Given information →
^^^^

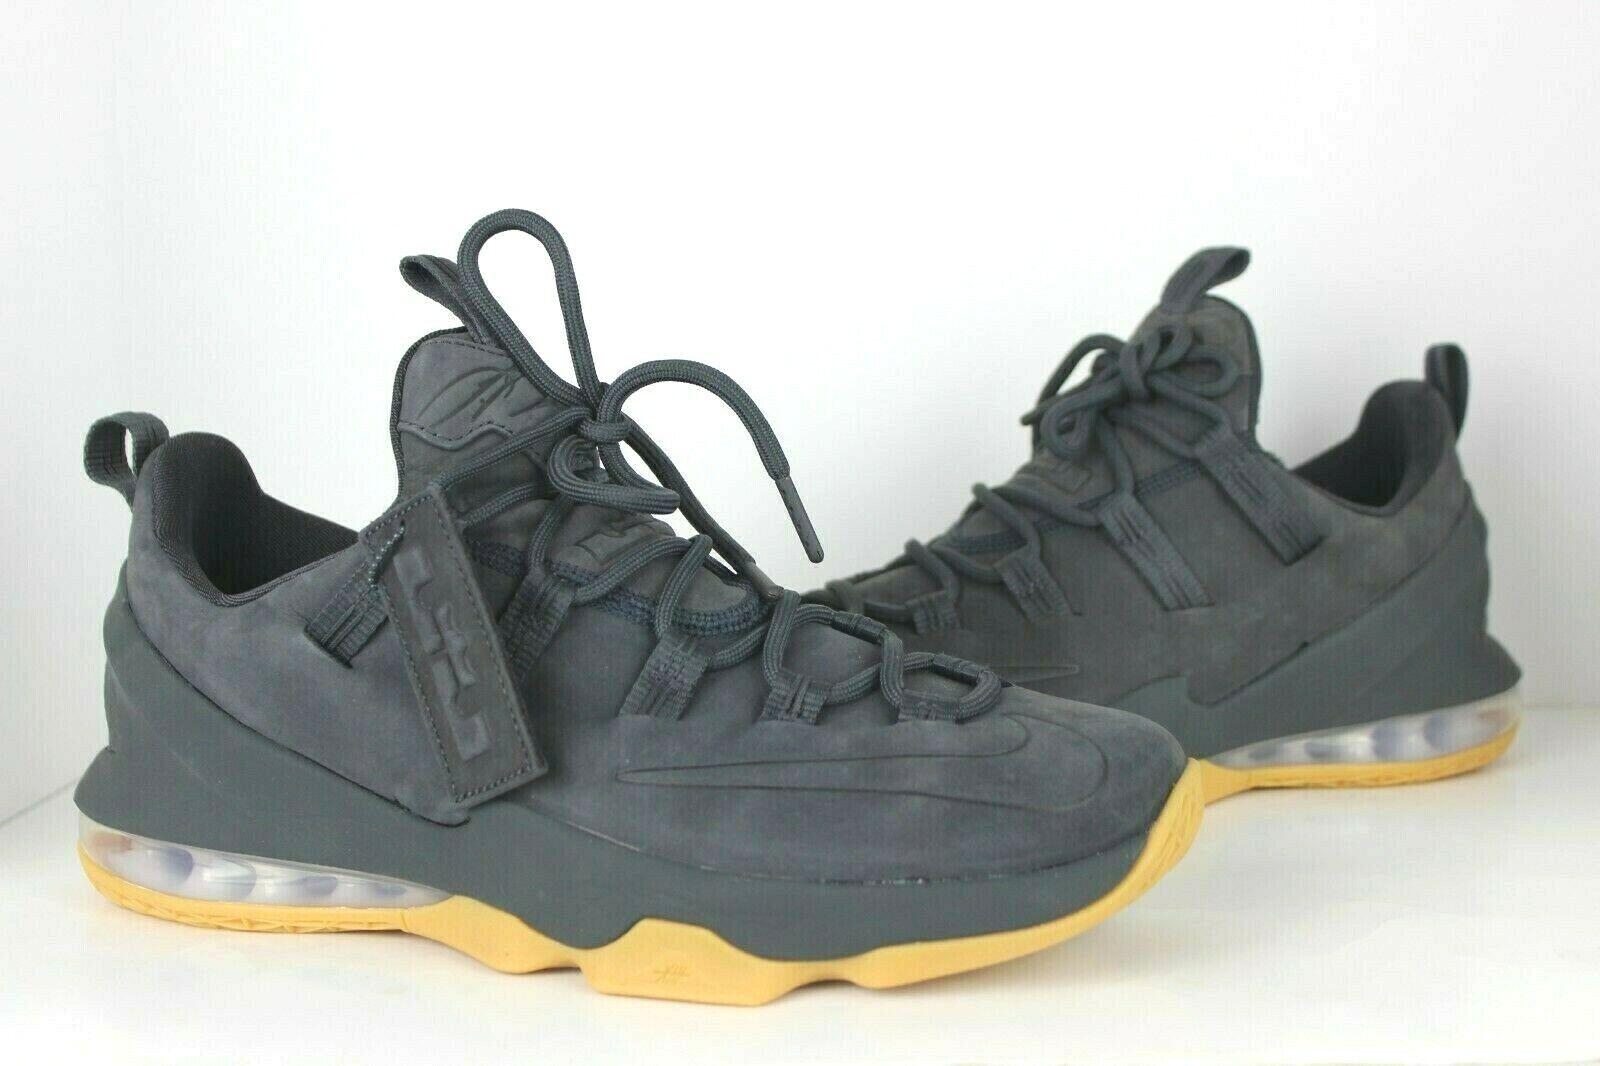 Nike Lebron XIII Low PRM Anthracite Dark Grey Suede Gum AH8289-001 Men's 8-9.5
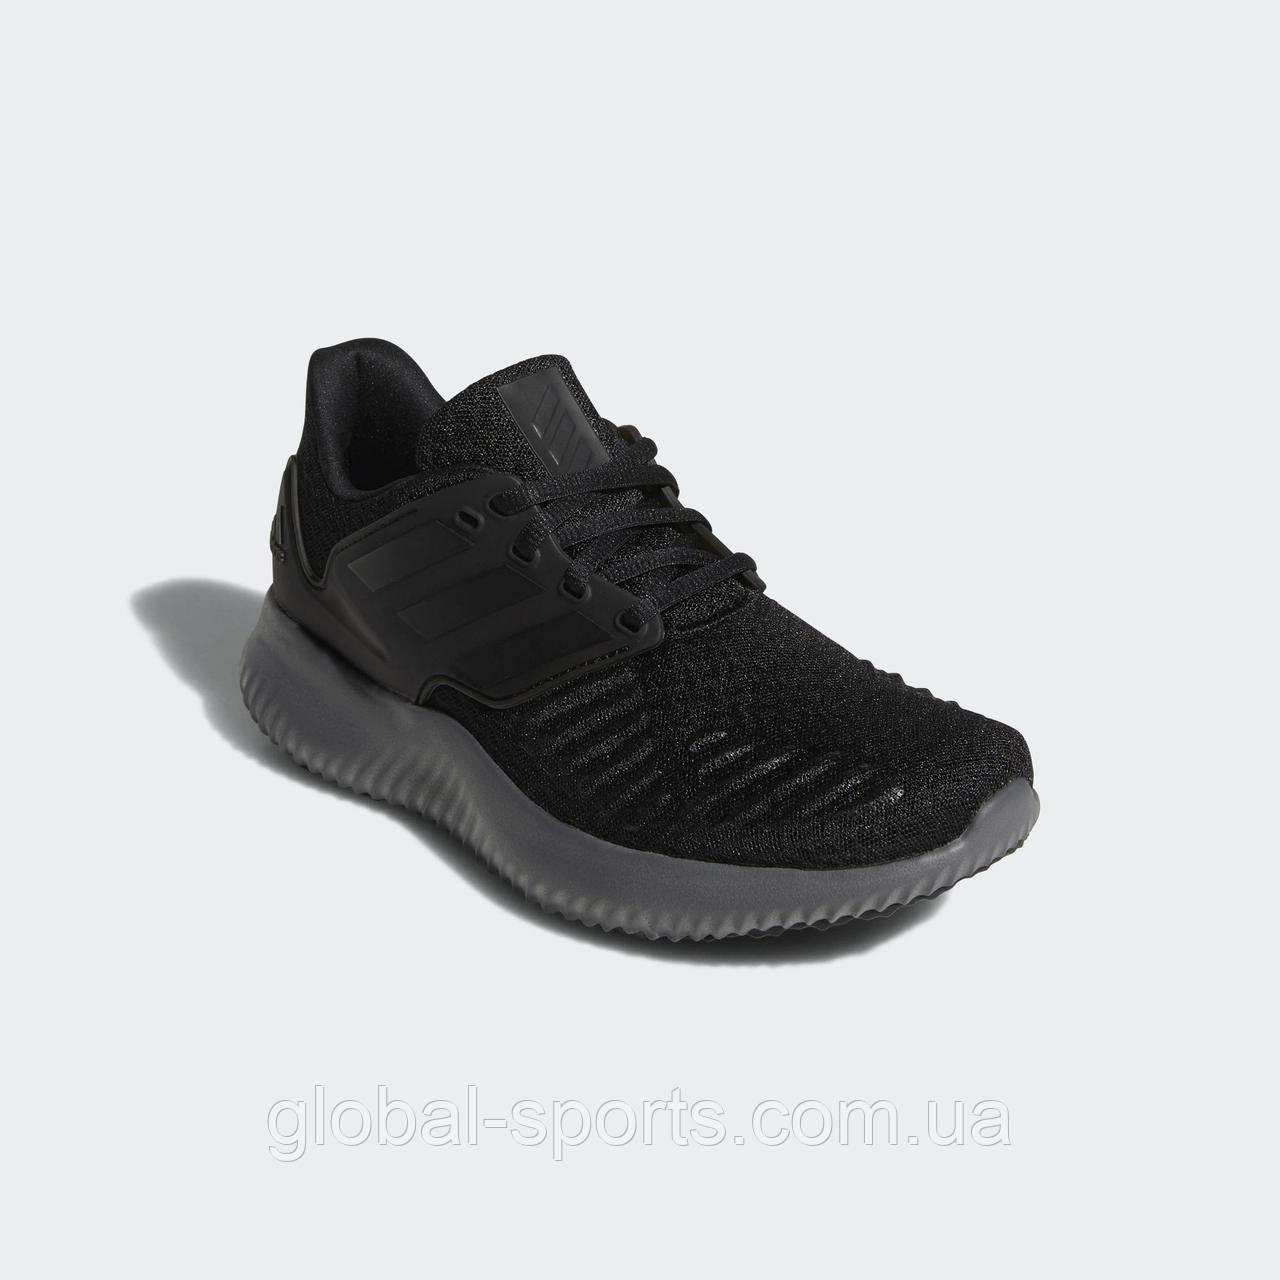 692ac758 ... Женские беговые кроссовки Adidas Alphabounce RC 2 W(Артикул:AQ0555), ...
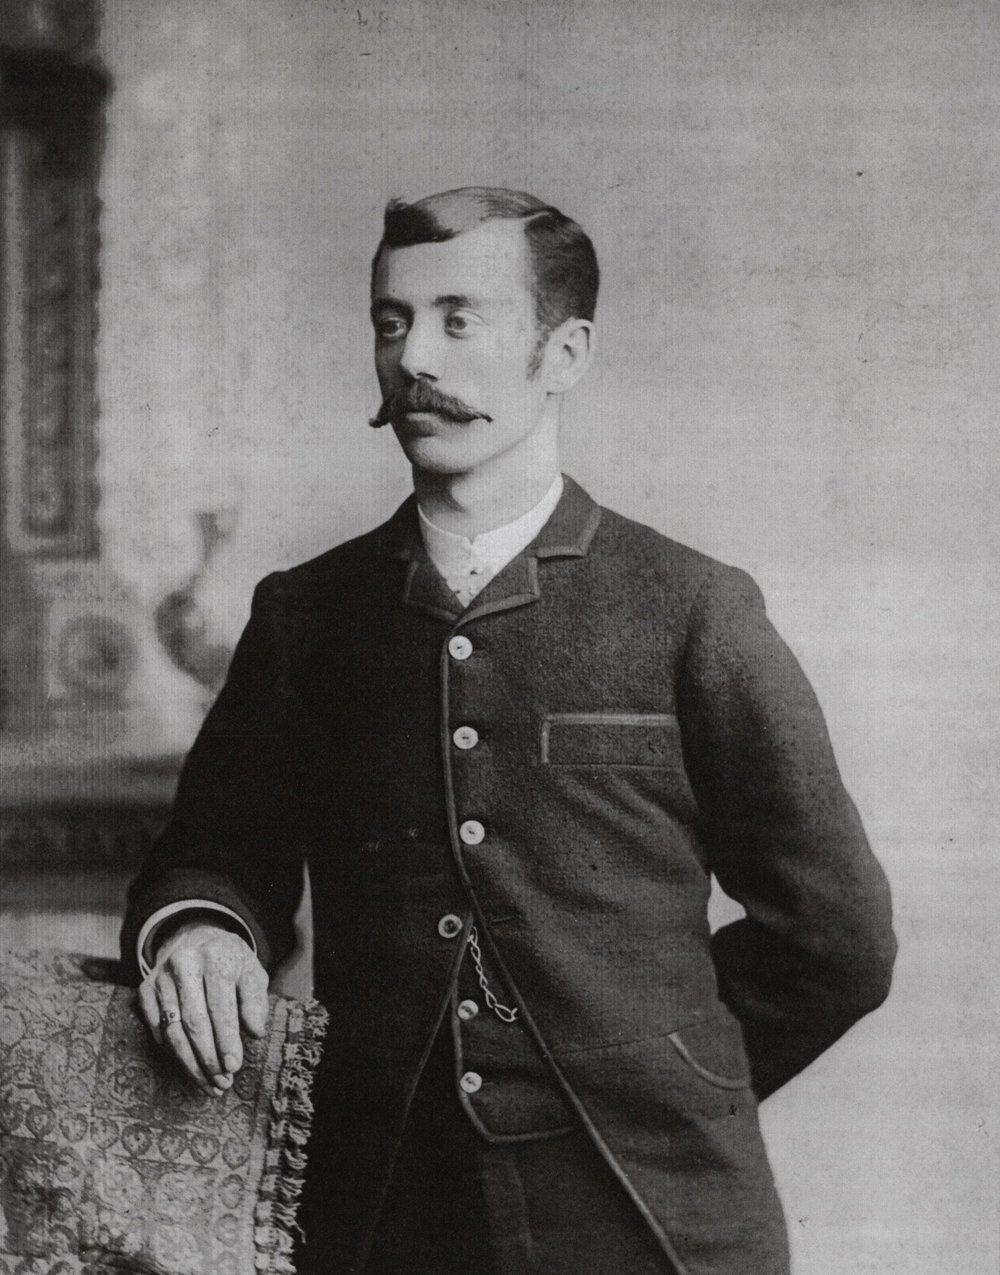 Charles Bleencker 1857-1945

^^^^

Requirement →
Pictures aside, retype the material exactly.

Reply to the exercise →
 Nike Lebron XIII Low PRM Anthracite Dark Grey Suede Gum AH8289-001 Men's 8-9.5
 692ac758 ... Женские беговые кроссовки Adidas Alphabounce RC 2 W(Артикул:AQ0555), ...
 Charles Bleencker 1857-1945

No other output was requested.